SÆP is more about Adelaide hills, Shiraz and my vineyard experience, we’ve got two wines from just one tiny vineyard, all Adelaide Hills Shiraz.
We’ve spent a lot of time together – we both started families about the same time.
It was funny, a winemaker from the Barossa and a grape-grower from McLaren Vale drinking shitloads of cool climate Riesling, Pinot Noir and Gamay, and learning about those wines.
Abel was very keen that I saw the potential of making wine from vineyards I cared about.
He’s a bit of a rogue and an anti-establishment kind of guy.

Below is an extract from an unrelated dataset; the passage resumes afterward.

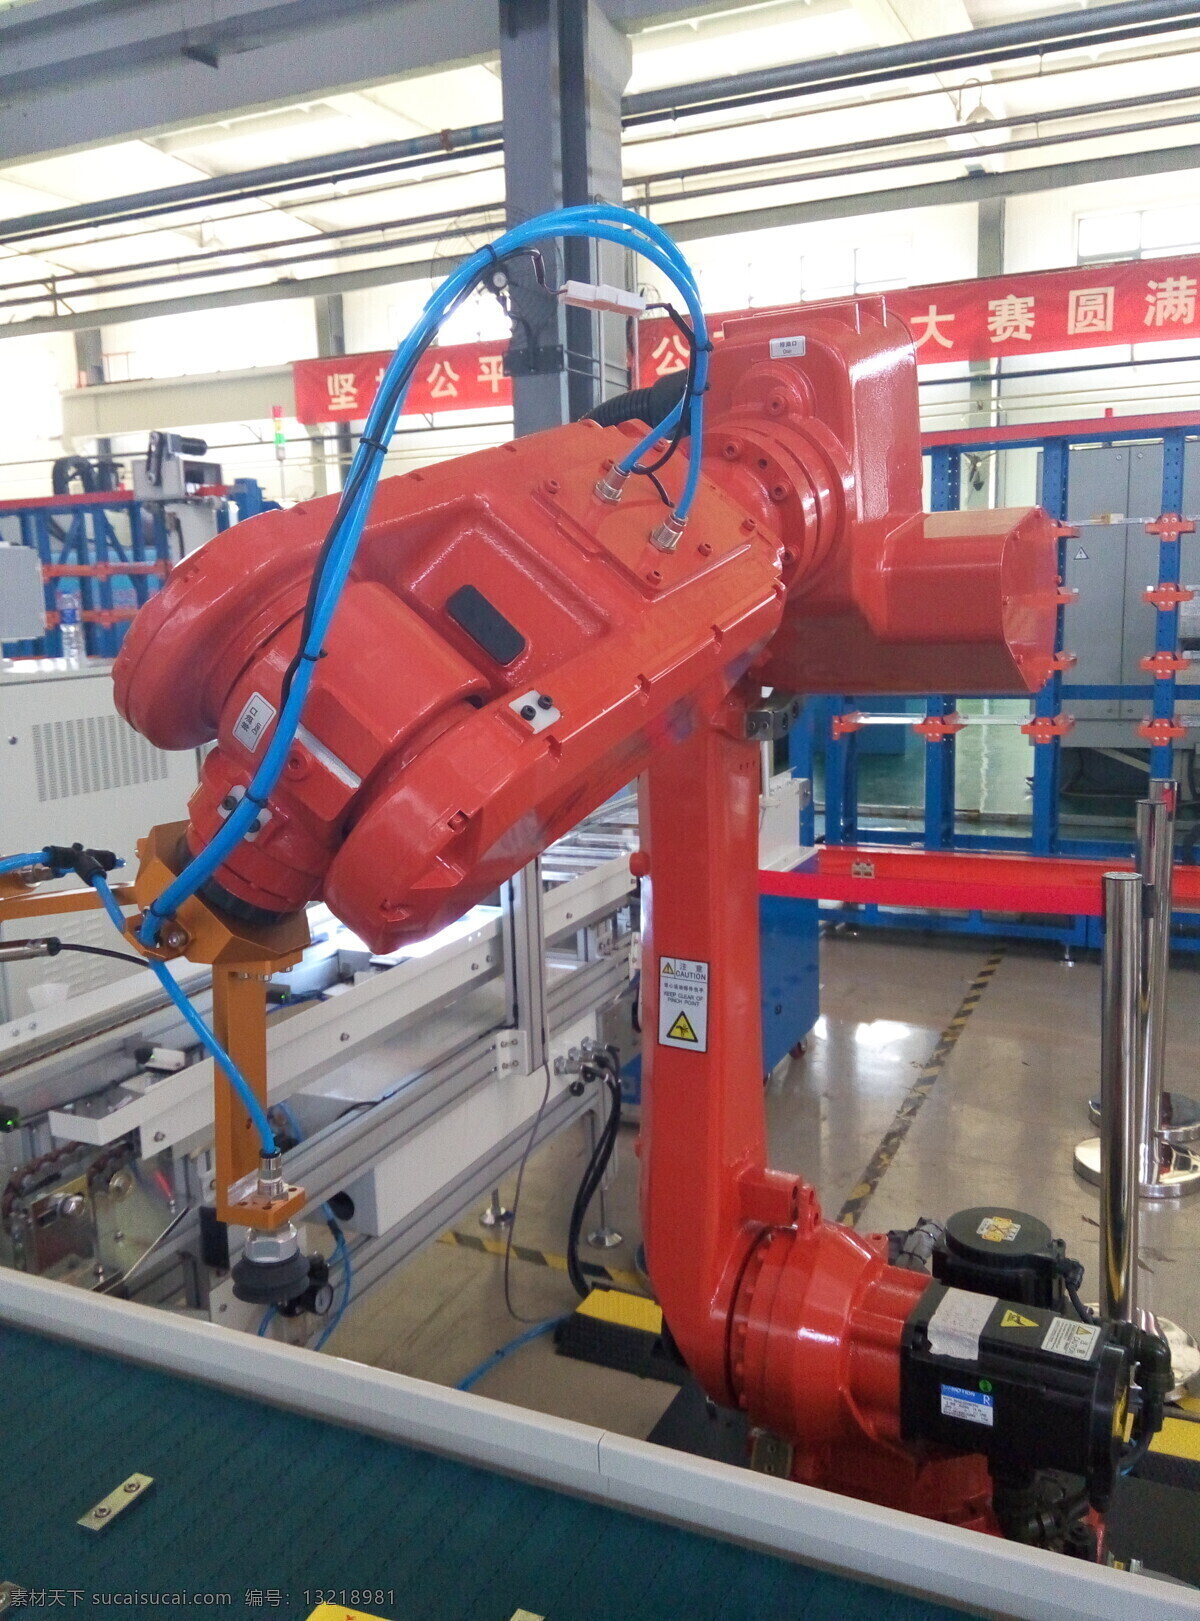 机器人 机械手 职业技能大赛 天津机电 职业教育 现代科技 工业生产 白色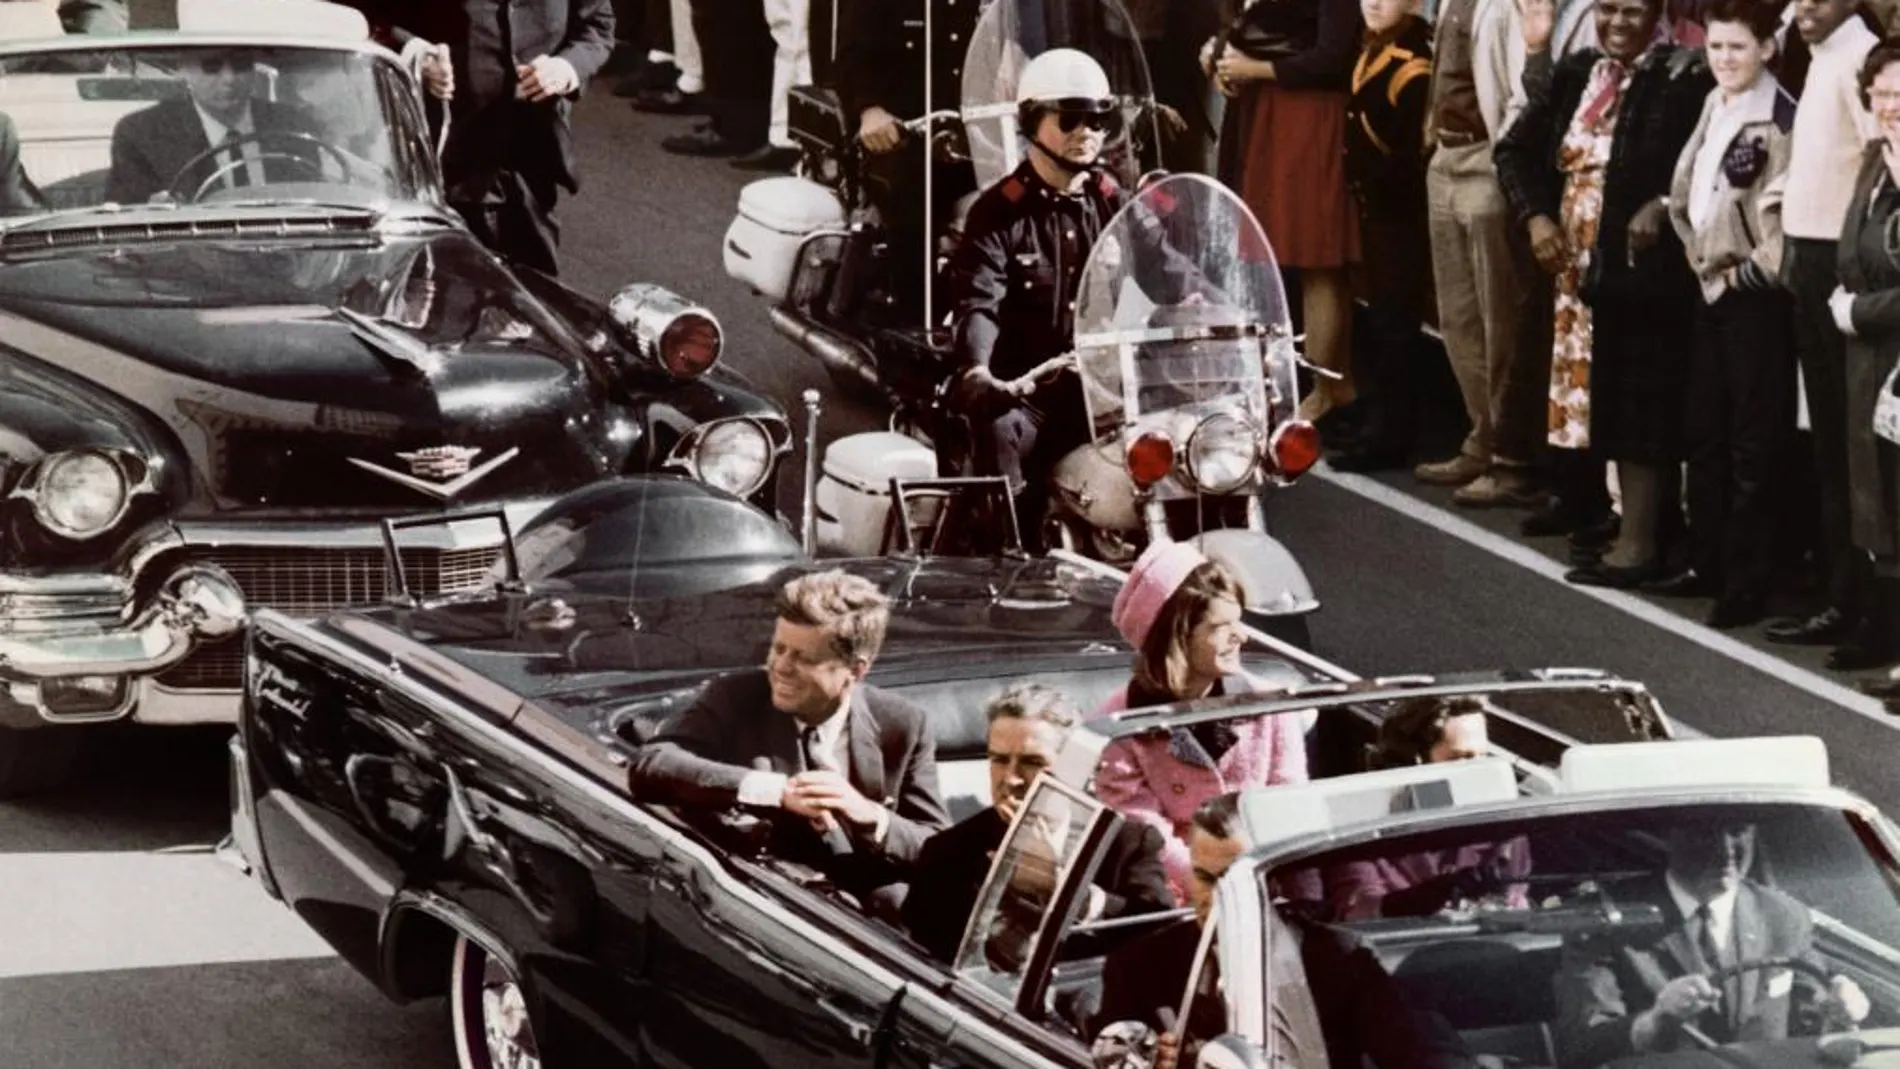 Fotografía del 22 de noviembre 1963 en donde aparece JFK acompañado de su esposa, Jacqueline, momentos antes de su asesinato

I’m sure he thought that I’d ‘sold out’, that I had some stinking big corporate gig. Anyone in the ‘real’ corporate world of viticulture would look at me as a bit of a rogue as well.
It’s been very much a partnership, Abel’s winemaking, I’m the grower and Jess is an artist, Emma’s background as an arts curator, you see the art in the label and package, there’s some pretty good minds working together.
Abel has taught me a lot, tasting in vineyards and just being able to see clearly what you’re looking for in the vineyard.
His winemaking is very clear and I love that there’s that transparency so we can see the fruit, alive in the wine.
For me it’s about that personal connection to place, in winter when you’re pruning, in summer picking… right through to the end – enjoying that with friends.
The concept of blending fruit from different places fits well for others, but for me it’s the uniqueness of something special from a single vineyard.
I didn’t really answer the question did I ?
The wine’s name is SÆP : what’s the back label to the name ?
It’s ironic with a name like Gartelmann which I have to spell to everybody and then pronounce it.
It’s the same thing with SÆP, I wasn’t quite smart enough to see that coming.
We did a heap of sifting around however, and when we came across SÆP we were happy, it just spoke of what we are on about.
SÆPis a word that’s attached to sapidity, taste, sapere, there’s connections with sap, flow, knowledge and with lifeblood, with the grape vine with its roots way down in the earth, many connecting things.
It’s links are in Latin and old German and I’m amazed at how many times words around that pop up.
What are your plans with SÆP ?
We want to explore single vineyard wines – working with unique vineyards, grapes to wines that speak of that place.
I’d love to think we can pull something out of the pinot vineyard in Basket range.
We have been working on that for three years. It’s owned by some wonderful friends of ours, Oli and Simone.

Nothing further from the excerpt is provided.